We conclude that the formation of the basal magma ocean of Earth is primarily controlled by the relatively low melting temperature of FeO-rich silicates and the density contrast between FeO-rich liquid and coexisting solid silicates (that is, solids in thermodynamic equilibrium with that melt) and not by the relation between liquidus and adiabat. At the end of magma ocean solidification, the resulting iron-rich thermochemical structures in the lowermost mantle (Fig. 1) are geophysically and mineralogically consistent with the properties of LLSVPs (Fig. 1) and ultralow velocity zones2,3,4,5,39,40.

Role of solid–liquid phase separation

The solidification sequence described above requires the solid–liquid phase separation to be faster than mantle solidification and remixing by thermochemical convection. Phase separation efficiency is controlled by the dimensionless melt mobility number, δ (Supplementary Information section 2.2, Supplementary Figs. 5 and 11), which is mainly governed by crystal size and melt viscosity. In our simulations, although the viscosity of partially or essentially molten regions is unrealistically large, we preserve a realistic balance of the thermochemical convection velocity and phase separation velocity—thus, the extent of chemical differentiation—by using a relatively large melt mobility number (Supplementary Information section 2.2). To validate our approach and explore the competition between chemical differentiation and convective mixing, we explored numerically the Ra–δ parameter space, where Ra is the thermal Rayleigh number and δ is the melt mobility number. For each thermal Rayleigh number we investigated, we were able to identify a critical melt mobility number above which substantial chemical differentiation is observed (Supplementary Information section 2.2).

By extrapolating our regime diagram to magma ocean conditions, assuming a liquid silicate viscosity of 1 Pa s (refs. 41,42), melts will segregate from the solids if the crystal size is larger than 0.01 μm. Even assuming a four orders of magnitude higher viscosity (104 Pa s), the critical crystal size above which melt segregation can occur is 1 μm (Supplementary Information section 2.2), consistent with previous estimates25,43. As typical grain size estimates in a magma ocean are around 1 mm (ref. 25), phase separation is expected to be efficient and dominate over remixing under realistic conditions.

A fundamental aspect is that the fluid dynamics within or in the vicinity of the top and bottom thermal boundary layers are at the heart of the chemical evolution of the magma ocean.
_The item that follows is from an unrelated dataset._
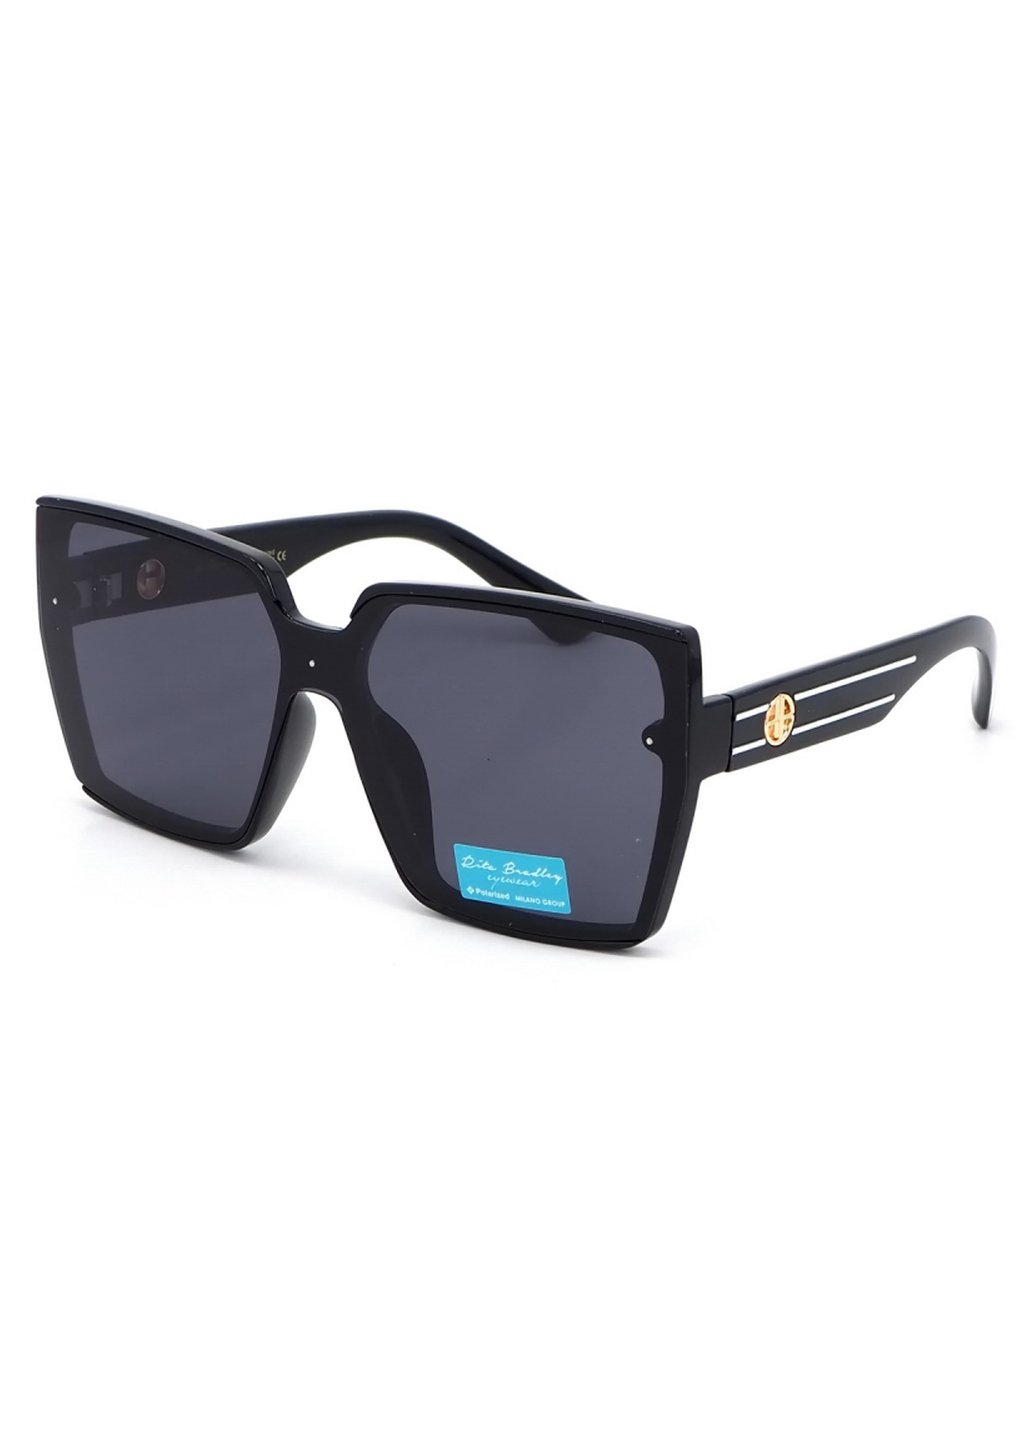 Купить Женские солнцезащитные очки Rita Bradley с поляризацией RB733 112087 в интернет-магазине

The composition of solids formed at the surface of the planet is controlled by chemical fractionation between melt and low-pressure mineral phases. To transport a fractionated composition into the deep mantle, solids and liquids must segregate from each other in the vicinity of the cold thermal boundary (Supplementary Figs. 7 and 8). Otherwise, it is the bulk composition of the solid and liquid mixture that is brought to the deep mantle. Scaling analysis shows that the solid–liquid segregation in the top thermal boundary layer is expected to be faster than the growth rate of Rayleigh–Taylor instabilities (Supplementary Information section 2.3) in the magma ocean of Earth, allowing for chemical shallow differentiation to occur. Although present, scaling analysis indicates that this process is less pronounced in our fluid dynamics simulations than it would be under real conditions. The symmetric version of the processes described above is responsible for the formation of the BMO. FeO-rich melt migrates downwards within the hot thermal boundary layer before being entrained in upwelling currents (Supplementary Figs. 9 and 10).

Geochemical consequences

We explore the geochemical consequences of our dynamical model on the production and nature of primordial mantle heterogeneities, inherited from magma ocean solidification. We use experimentally determined partition coefficients of trace elements between melts and the liquidus phase at upper mantle (olivine)44 and lower mantle (bridgmanite)45 conditions to track a simple (no garnet and no ferropericlase) evolutionary model of key trace-elements elemental ratios (Sm/Nd, Lu/Hf and Hf/W) during solidification (Supplementary Information section 1.2). At the end of mantle solidification, solids in the upper mantle show superchondritic Lu/Hf ratios (Fig. 2a, yellow to red), owing to olivine crystallization during bottom-up crystallization of the upper mantle. Conversely, in the lower mantle above the BMO, we observe subchondritic Lu/Hf ratios (Fig. 2, blue to white) that indicate bridgmanite fractionation. Furthermore, we observe that solidification and remelting at different depths produce a complex (marble cake-like) geochemical structure in the solid mantle from core to crust (Fig. 2), far from a vision inspired by geochemical two-box modelling of single enriched (residual liquid) and depleted (precipitating solids) reservoirs45,46. Although the extent and magnitude of trace-element ratio distribution depend markedly on phase separation efficiency (Supplementary Figs. 6 and 7), planetary scale solidification systematically generates heterogeneities at all depths (Fig. 2).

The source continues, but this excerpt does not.